OpenAI is no longer the frontrunner when it comes to state-of-the-art multimodal AI models. Last week, Google’s AI research lab, DeepMind, introduced a new group of models called Gemini that outperforms the best OpenAI models when evaluated on standard benchmark datasets — including those for automatic speech recognition and translation.

The three Gemini models — Ultra (for highly complex tasks), Pro (for a broader range of tasks), and Nano (for on-device tasks) — are already being implemented on Google products, starting with Nano on the Pixel smartphone and Pro on the Bard chatbot. 

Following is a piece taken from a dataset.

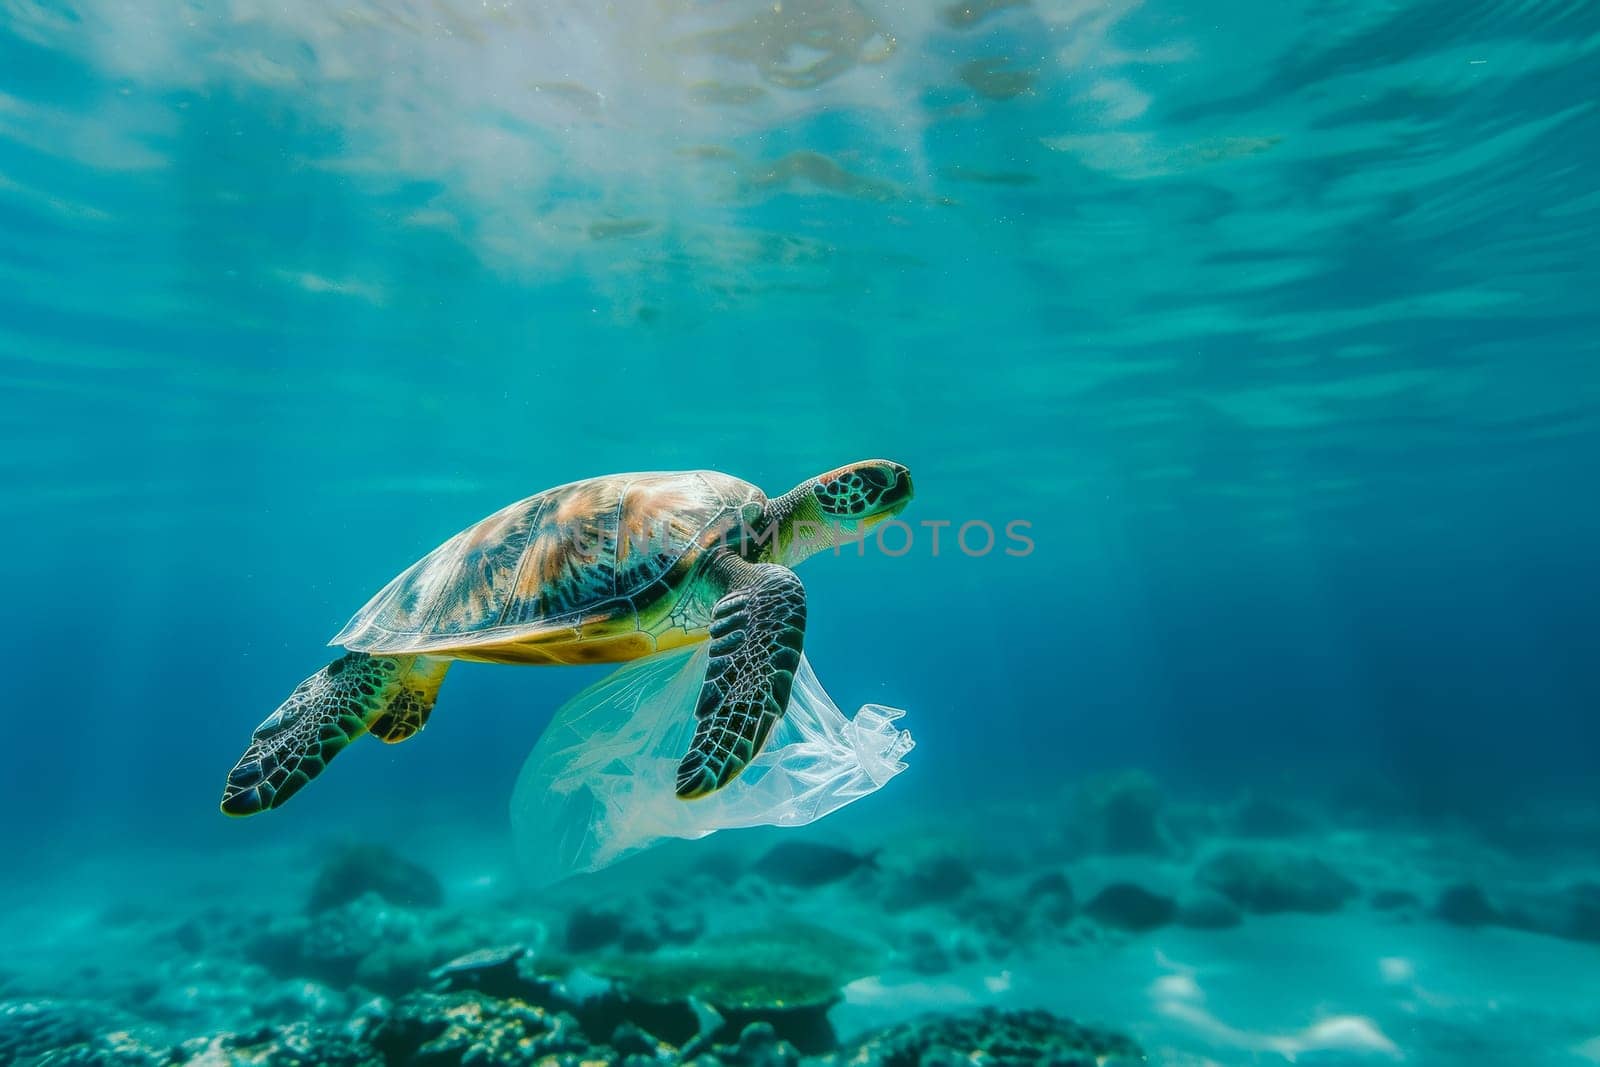 A turtle is seen swimming over a plastic bag floating in the ocean. This image highlights the issue of marine pollution caused by plastic waste.
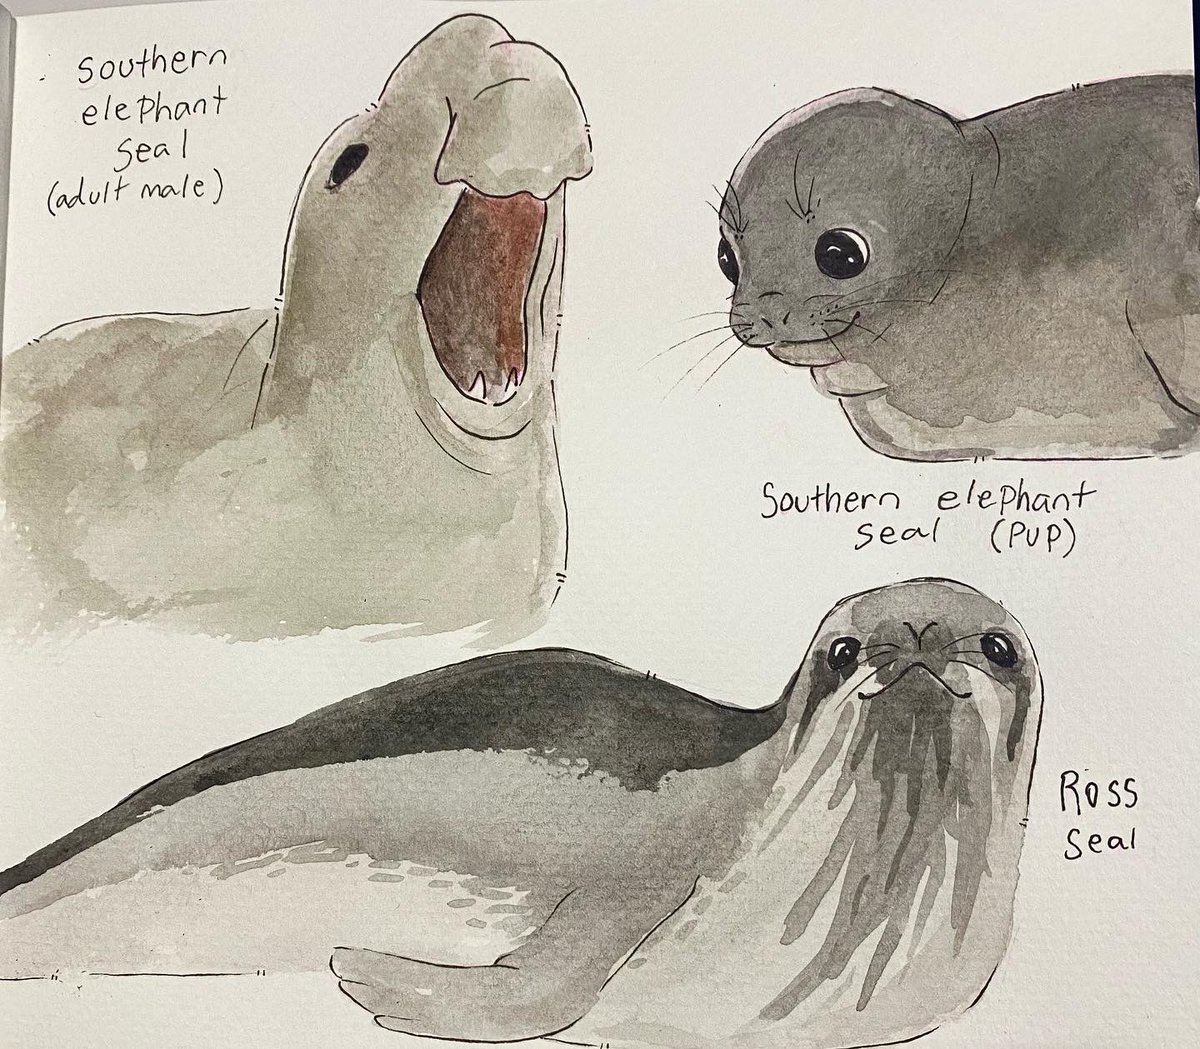 More pages from my pinniped sketchbook #sealtwt

“This new era of models represents one of the biggest science and engineering efforts we’ve undertaken as a company,” wrote Google’s CEO Sundar Pichai in a blog post. “I’m genuinely excited for what’s ahead, and for the opportunities Gemini will unlock for people everywhere.”

Despite a misleading demo video, Gemini’s capabilities are impressive. Gemini Ultra surpassed OpenAI’s flagship model, GPT-4, on myriad tasks such as coding, natural image understanding, and mathematical reasoning. 

Compared to OpenAI’s Whisper v3 multilingual model, Gemini Pro performed better at automatic speech recognition, receiving a lower word error rate when tested on a 62-language benchmark. Similarly, Gemini Pro beat Whisper v2 at automatic speech translation based on a 21-language benchmark.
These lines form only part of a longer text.